Duplicate level in three ER ChIP-Seq libraries
| Library | Type* | Size (Mb) | Non-duplicates (M) | Duplicates (M) | Sum (M) | Duplicates (%) | Portion (%)** |
|---|---|---|---|---|---|---|---|
| IP_1 | All peaks | 17.08 | 4.34 | 3.24 | 7.58 | 42.73 | 60.23 |
| IP_1 | Top peaks | 3.33 | 1.92 | 2.54 | 4.46 | 57.03 | 47.3 |
| IP_1 | Non-peak | 3049.89 | 12.27 | 2.08 | 14.35 | 14.51 | 38.71 |
| IP_1 | Total | 3080.44 | 16.9 | 5.38 | 22.27 | 24.13 | 100 |
| IP_2 | All peaks | 12.54 | 2.94 | 1.1 | 4.04 | 27.3 | 69.79 |
| IP_2 | Top peaks | 2.31 | 1.2 | 0.9 | 2.11 | 42.84 | 57.12 |
| IP_2 | Non-peak | 3058.77 | 17.9 | 0.47 | 18.36 | 2.54 | 29.55 |
| IP_2 | Total | 3080.44 | 21.08 | 1.58 | 22.66 | 6.98 | 100 |
| IP_3 | All peaks | 15.94 | 4.87 | 2.69 | 7.56 | 35.53 | 70.87 |
| IP_3 | Top peaks | 3.02 | 1.97 | 2.05 | 4.02 | 51.04 | 54.1 |
| IP_3 | Non-peak | 3053.24 | 20.11 | 1.08 | 21.19 | 5.09 | 28.46 |
| IP_3 | Total | 3080.44 | 25.36 | 3.79 | 29.15 | 13.01 | 100 |
*The non-peak regions are these after excluding regions from −100 bp to +100 bp of all peaks; the top peaks refer to the top 10% of the peaks with the smallest p values.
**Percentage over total duplicates in the library.

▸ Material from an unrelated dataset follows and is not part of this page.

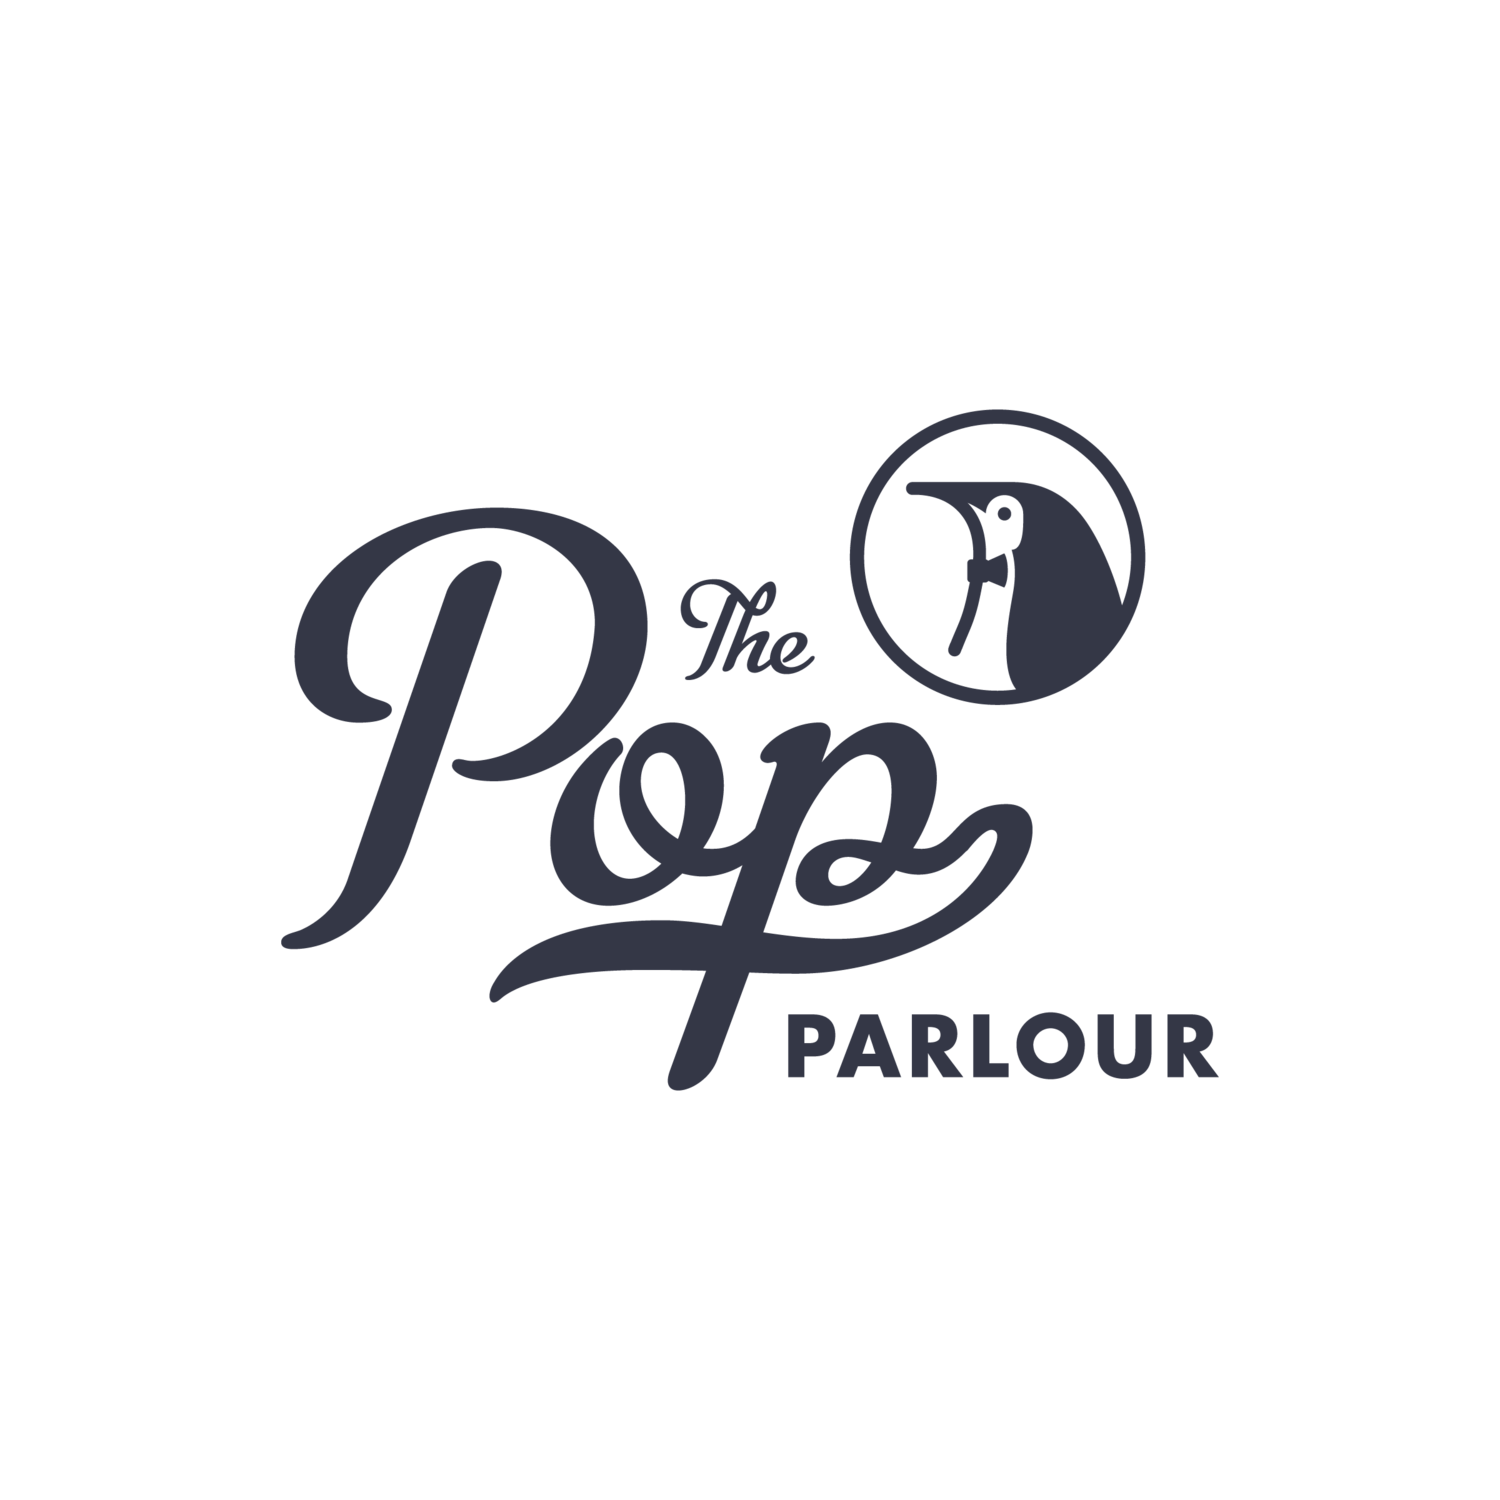 The Pop Parlour

Figure 3Peak value versus level of duplicate reads in three ER ChIP-Seq libraries. Peaks were ranked based on –log10 (p value) in descending order and split into 10 groups (x-axis) of equal size. The y-axis represents the level of duplicate reads. The horizontal dashed lines indicate the level of duplication from non-peak regions, which are regions not covered by peaks +/−100 bp.
Figure 4Summary of peak calling for H3K27me3 ChIP-Seq. H3K27me3 ChIP-Seq data were downloaded from the ENCODE project (see implementation) and duplicates were filtered out by Picard. Each cell line has two biological replicates (r1 and r2). SICER software was used to call peaks using both duplicate-filtered reads and reads without duplicate removal.

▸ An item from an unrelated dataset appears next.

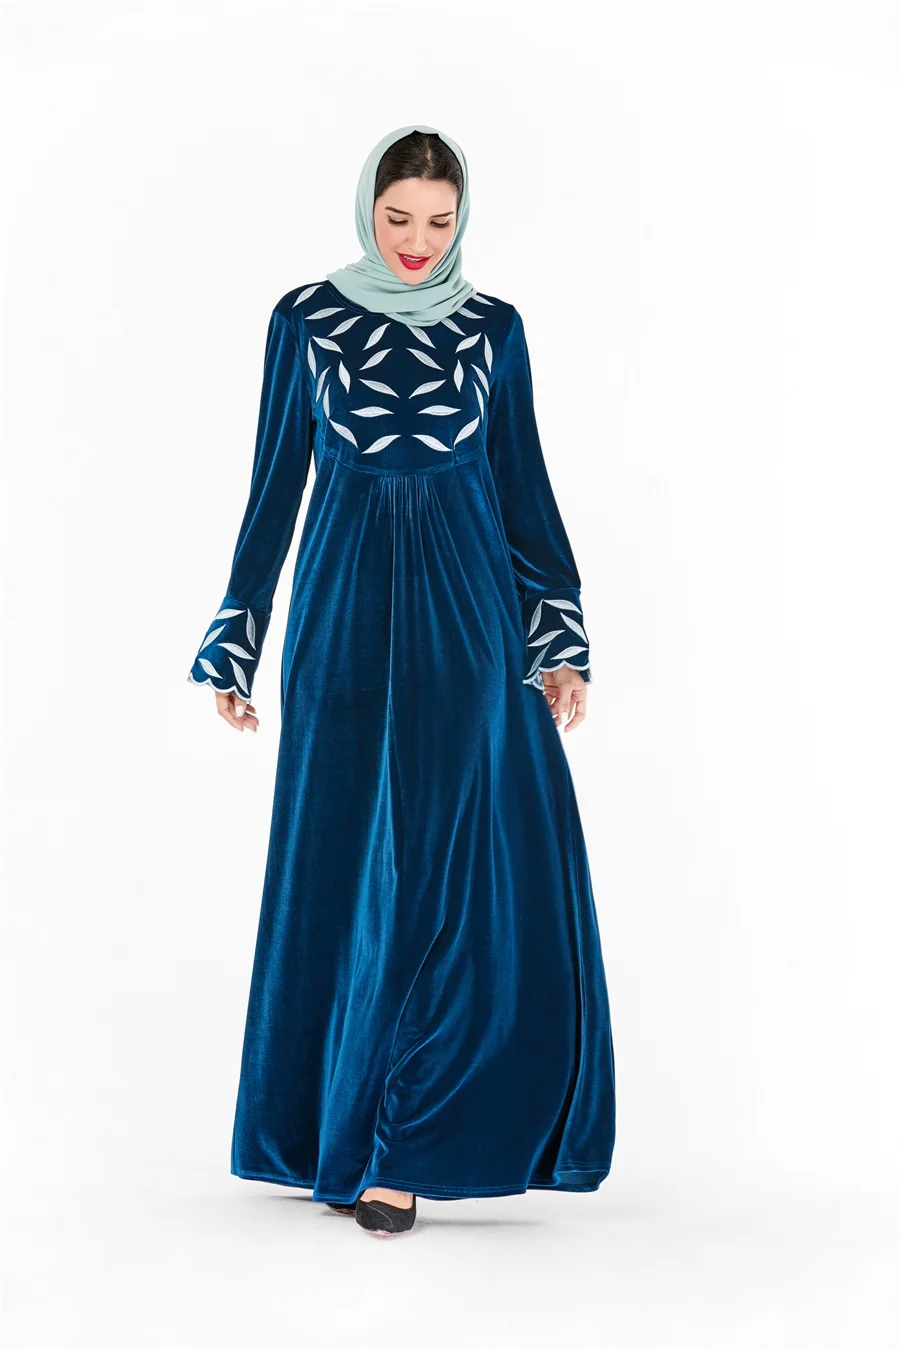 Siskakia вельветовое длинное платье размера плюс с вышивкой в виде листьев, платья макси, элегантные с круглым вырезом и расклешенным длинным рукавом, драпированные зимние платья

Figure 5Box plot of FDR from shared and unique H3K27me3 peaks. Peaks were called from duplicate-filtered reads and also from reads without duplicate filtering. Peaks shared between the two methods were randomly sampled to generate the same number of peaks as the unique peaks and used in the plot. The y-axis represents –log10 (FDR). The two biological replicates are indicated by r1 and r2, respectively.

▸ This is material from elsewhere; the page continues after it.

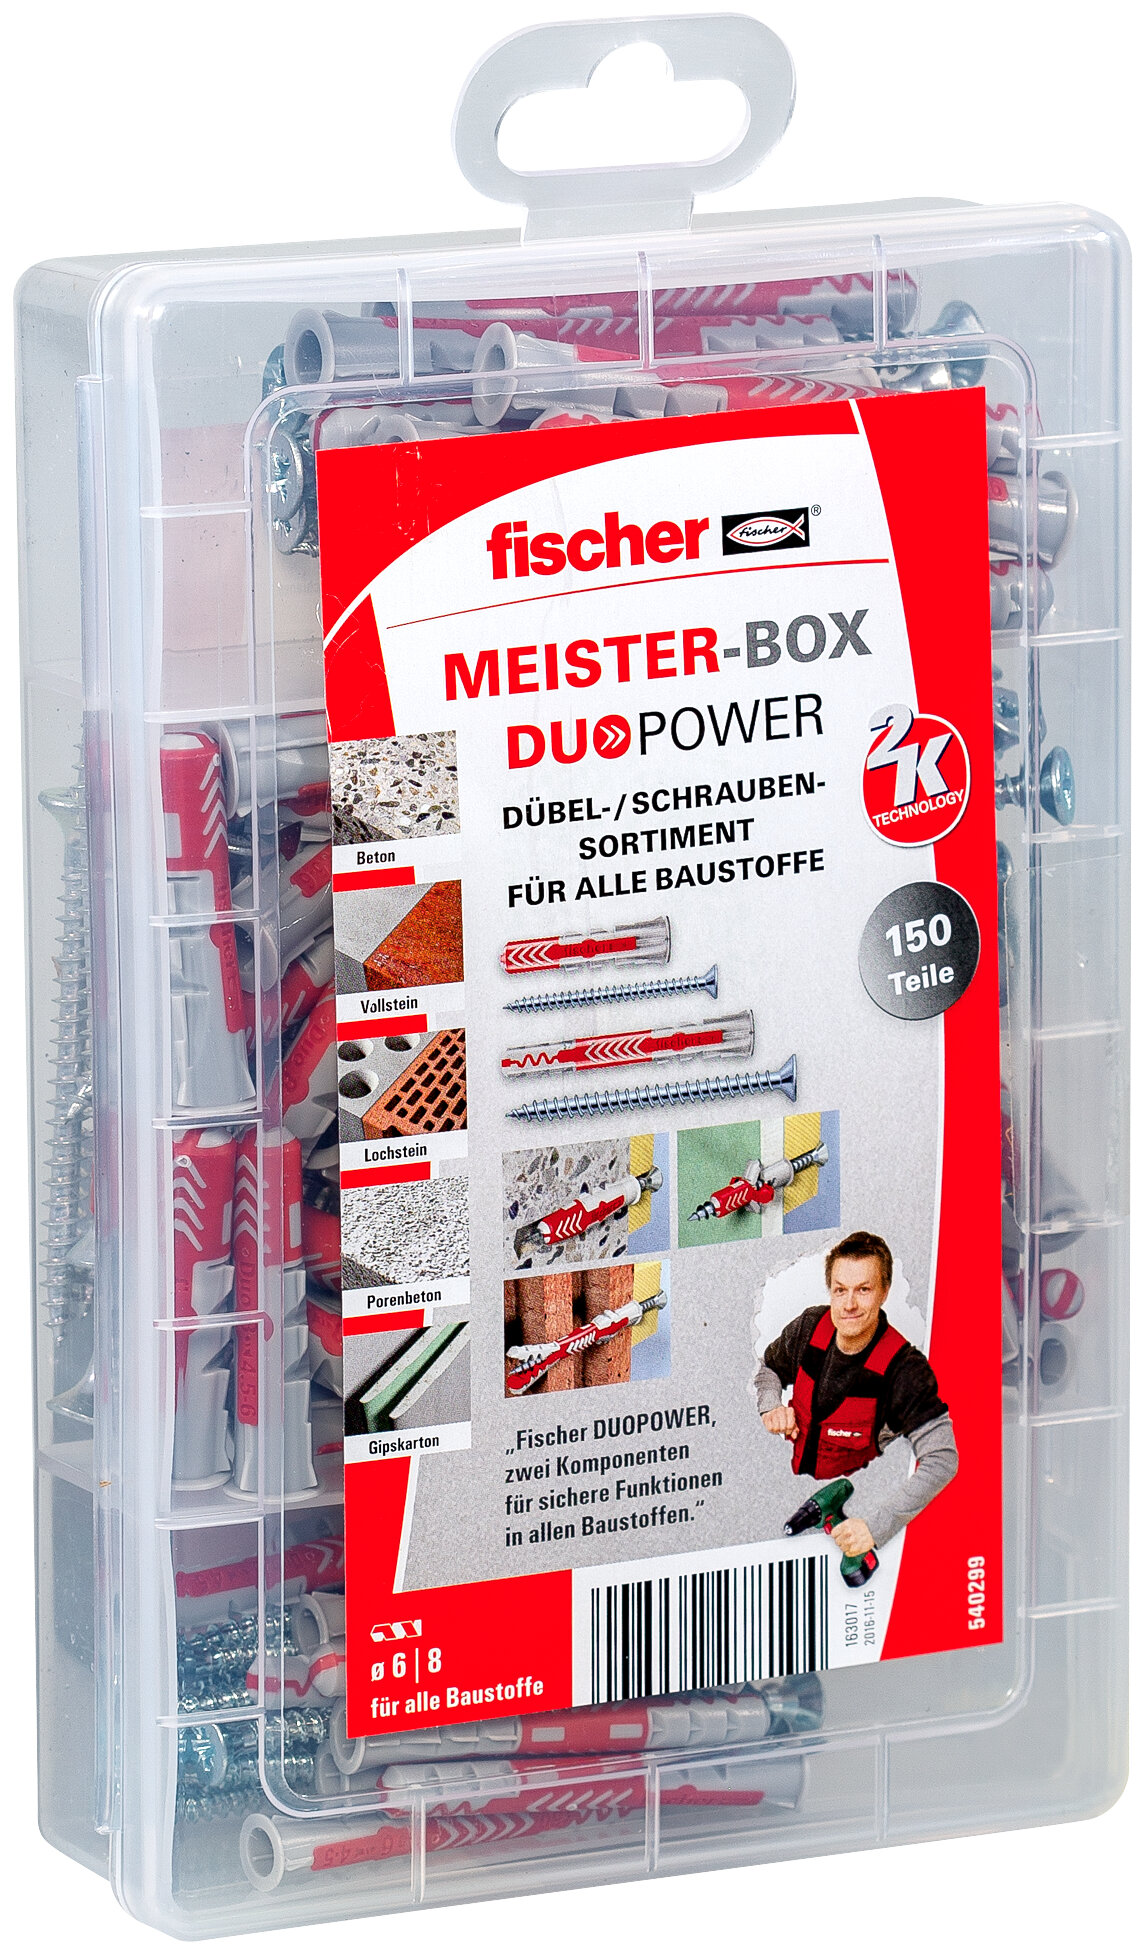 Meister-Box DUOPOWER kurz/lang mit Schrauben

Figure 6Peak FDR versus level of duplicate reads in six H3K27me3 ChIP-Seq libraries. Peaks were ranked based on –log10 (FDR) in descending order and split into 10 groups (x-axis) of equal size. The y-axis represents the level of duplicate reads. The horizontal dashed lines indicate the level of duplication from non-peak regions, as defined in Figure 3. The two biological replicates are indicated by r1 and r2, respectively.